I think language modeling is another domain that has been forever changed by the current progress in Deep Learning. GPT-3 from OpenAI shows what amazing things the current best in class models such as transformers can produce. Conversational agents is an area that we should see great progress in, with such language models, and this will again really change how we interact with machines.
Machine vision has also been transformed and its ramifications are visible in the improvements we see in self driving technology, and also in better understanding of the contents of the media we capture with our phones. I think in the 10 years, we will see the impact of these methods in the changed way we deal with machines. Every time I find that my phone has learned a new trick, or a new interactive behavior, I’m really excited to see where we will be in 10 years.

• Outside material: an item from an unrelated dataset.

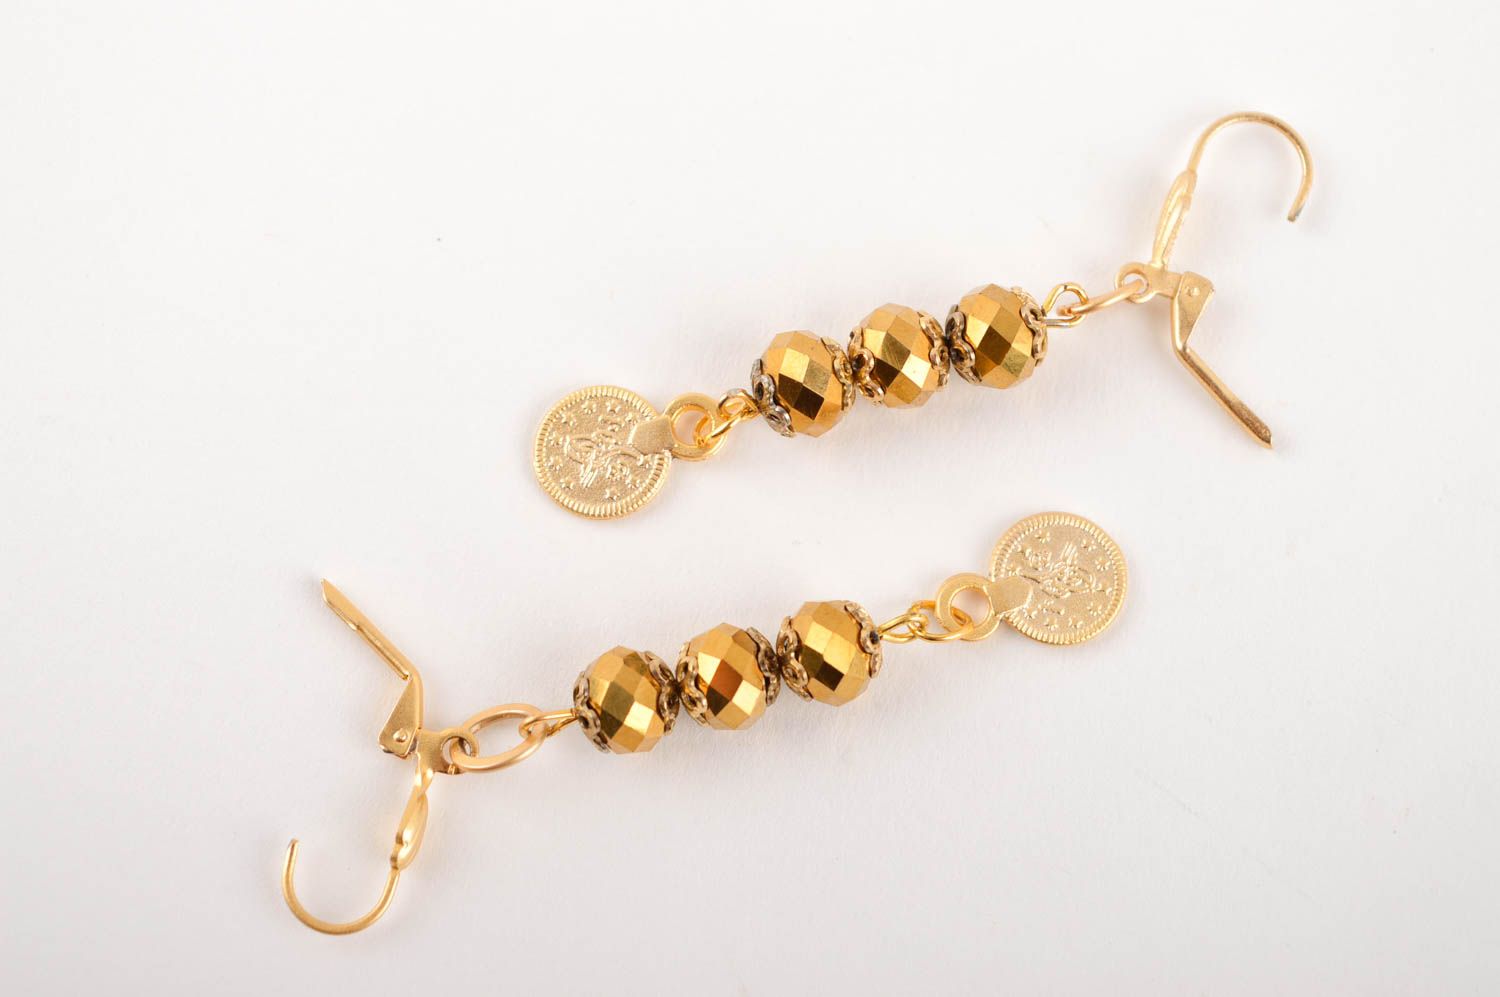 Handmade stylish earrings with beads long earrings with charms fashion jewelry photo 5

AIM: What would your advice be to aspirants who want to get into ML jobs?
Navdeep: ML is a field that requires both mathematical thinking and an attitude of tinkering at the same time. For people wanting to pursue data science and ML roles, I recommend getting your hands on data and trying out things and developing an intuition for data. Amazingly, data seems to show similar patterns from one domain to another, and turning the knobs in one domain helps turning the knobs in another domain. Because of this almost vocational aspect to this field, my office mate and I often described ourselves as Neural Network technicians, and not Neural Network scientists. At the same time, understanding the underpinnings of why things work requires developing an understanding of the parallels between Machine Learning and model fitting, and of the role of optimisation algorithms in this. So I would also encourage people to spend time reading about the range of machine learning methods and models (I’m quite partial to Chris Bishop’s Pattern Recognition and Machine Learning as a starting book) and optimisation algorithms (e.g. Numerical Optimisation by Jorge Nocedal).
AIM: What books and other resources have you used in your journey?
Navdeep: To be honest, books aren’t often the best way to understand this field — most of the cutting edge stuff is in the papers and the field is constantly moving. Nevertheless, the following books gave me real mileage in understanding the underlying concepts of Machine Learning:
- Chris Bishop — Pattern Recognition and Machine Learning
- Robert Tibshirani — The Elements of Statistical Learning
- Trevor Hastie— An Introduction to Statistical Learning
- David MacKay – Information Theory, Inference and Learning Algorithms
- Pattern Classification by David G. Stork, Peter E. Hart, and Richard O. Duda
A lot of people also find Deep Learning by Ian Goodfellow, Yoshua Bengio and Aaron Courville quite useful, but I haven’t read it myself, since I was mostly only reading papers by the time Ian and co-authors released the book.